【新連載】千街晶之のミステリ新旧対比書評 第1回 若竹七海『スクランブル』×浅倉秋成『六人の嘘つきな大学生』

■作者が仕掛けた巧妙なミスディレクション

  この『スクランブル』と似た、ただしもっと凝ったことをやっているのが、浅倉秋成の『六人の嘘つきな大学生』である。2021年に刊行され、2024年には映画化された。

  2011年、波多野祥吾・嶌衣織・九賀蒼汰・袴田亮・矢代つばさ・森久保公彦という6人の大学生は、日本最高峰のIT企業「スピラリンクス」の最終面接まで残っていた。1カ月後のグループディスカッションの結果次第では全員の内定もあり得ると言われた6人はそれぞれの長所を活かし、協力し合って対策を練っていた。そんなところに、グループディスカッションでの採用枠を1人に変更するという非情な告知が突然来る。そして当日、グループディスカッションが行われる会議室にあった封筒のうち1つを開封したところ、そこには参加者のうち1人が過去に犯した重い罪を告発する紙が入っていた。どうやら、6つの封筒には6人全員の知られたくない秘密が封じられているらしい。参加者たちは最初はスピラリンクスの仕業ではとも疑ったが、よく考えれば会社側にそんなことをするメリットはない。ならば、6人のうち誰かが、他の5人を貶め、自分が内定を獲得するために企んだことだろうか。残りの封筒を開けるべきか否か、6人それぞれの思惑が衝突する。

  早い段階(角川文庫版で58ページ)で明らかになることなのでここに書いてもいいだろうが、この小説は2011年の出来事を描くパートの随所に、2019年時点から関係者たちが過去を振り返る証言が挟み込まれた構成となっている。その現在パートでは、証言者たちは封筒を用意した「犯人」をみな知っている様子で、また、彼らに取材をしているのが、ただ1人グループディスカッションを勝ち残った「内定者」であることも窺える。

  過去パートに挟み込まれる証言者が1人ずつ「犯人」候補から脱落してゆく構成なので、話がストレートに進行すれば、最後まで残った2人のうち1人が「犯人」、もう1人が「内定者」になる筈だ。しかし、物語はそう単純には着地しない。構成に組み込んだ消去法自体を逆手に取ったという意味では、『スクランブル』より更に凝ったことをしているとも言える。浅倉秋成が『六人の嘘つきな大学生』を執筆した時点で『スクランブル』を読んでいたかどうかは不明だが、主要登場人物が6人という点は奇しくも共通している。

  ただし『スクランブル』と『六人の嘘つきな大学生』の共通点はそれだけではない。両作品では、ともに作中で死者が出ている(変死か自然死かはともかくとして)。生き残った者たちは、青春の日々を振り返る時にその死者の影を意識せざるを得ない。
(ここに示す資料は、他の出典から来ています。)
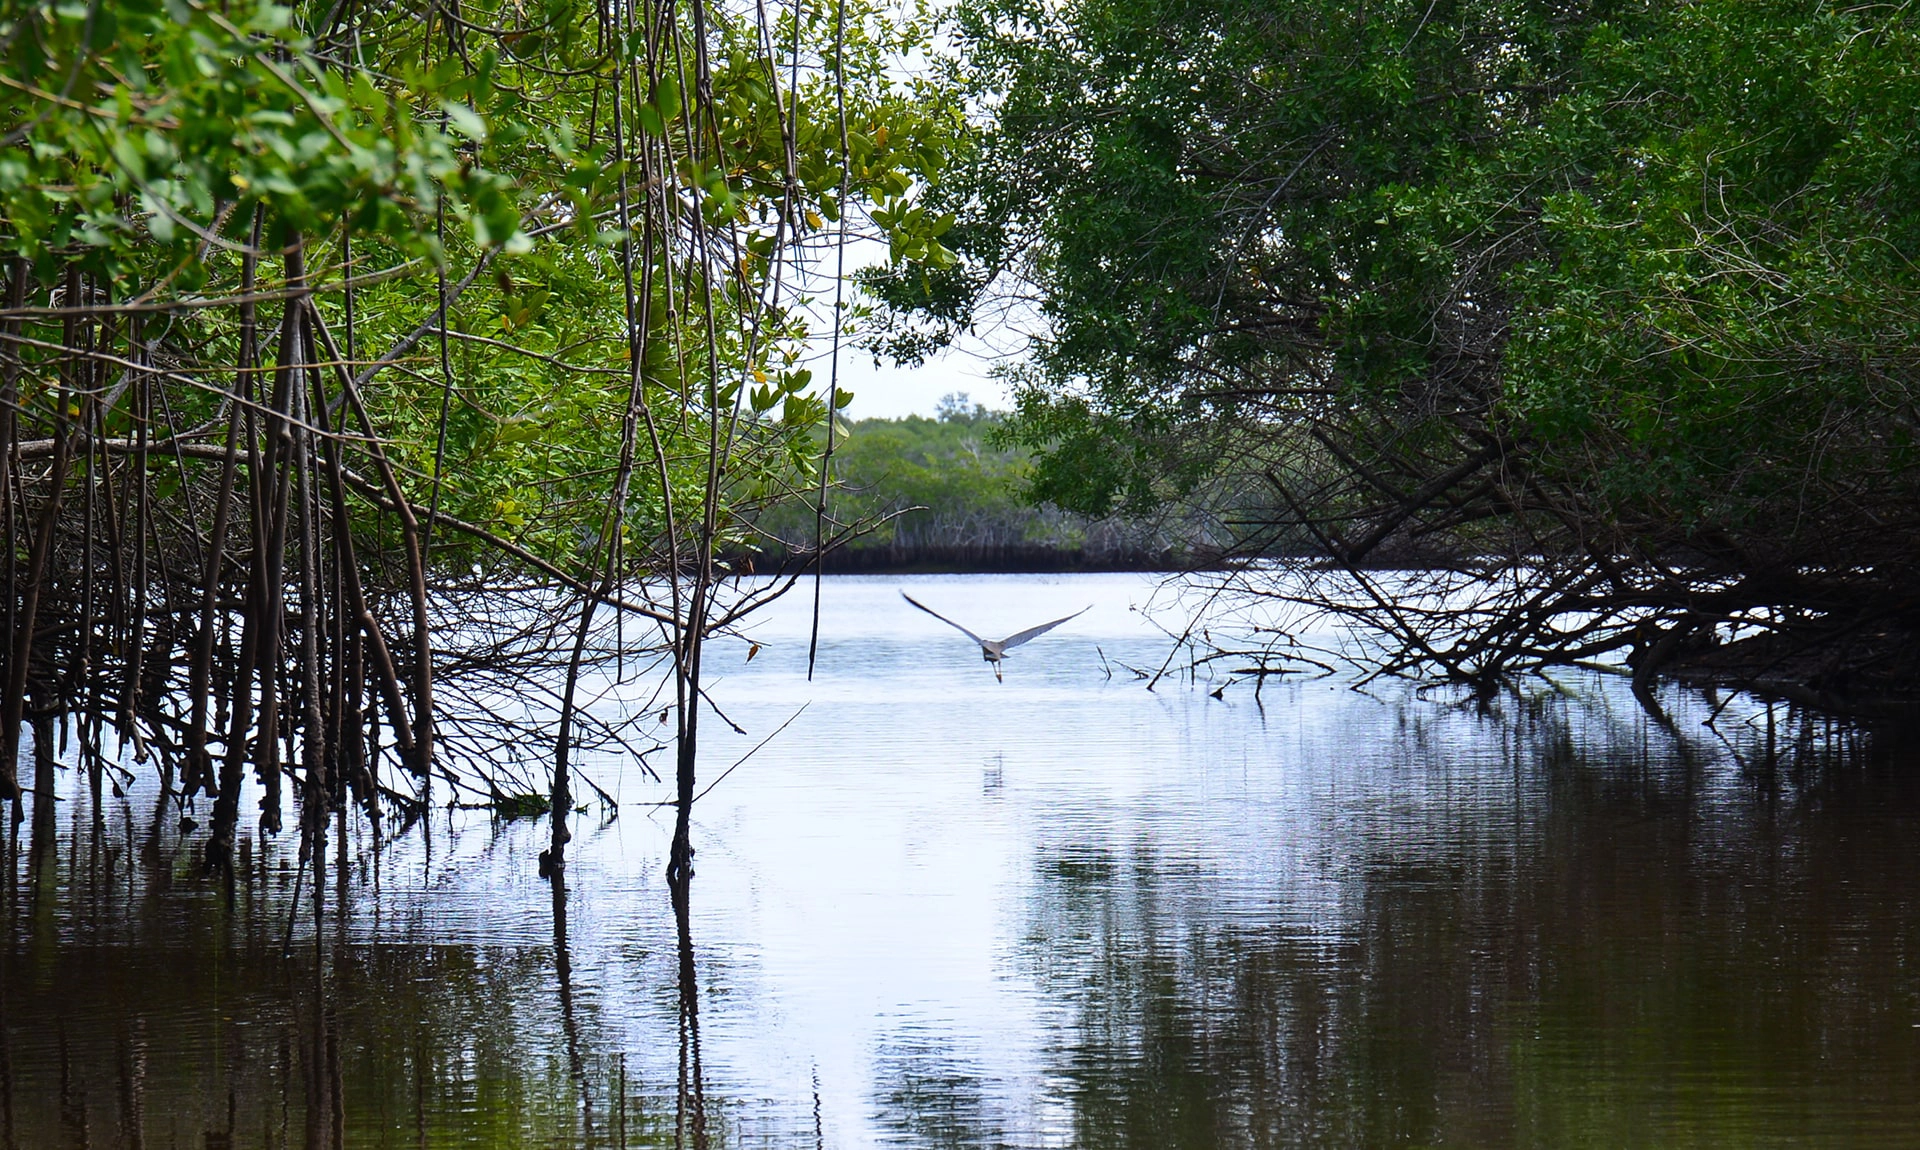 Mangroves with Bird Everglades National Forest Copyright Denise Wauters 1920 x 1050 DSC 4785 min

若い頃の彼らには果たして何が見えていなかったのか、歳を重ねたからこそ見えてきた真実とは何なのか。過去から蘇ってきた謎を現在において解明するという作業は、無念の思いを抱えたまま生を断たれた死者への弔いであり、同時に生き残った彼ら自身の青春にけりをつける行為でもあるのかも知れない。青春パートと大人パートの二段構えにしたことにより、作者が仕掛けたミスディレクションがより効果的なものとなった名作ミステリとして、両作品とも語り継がれることだろう。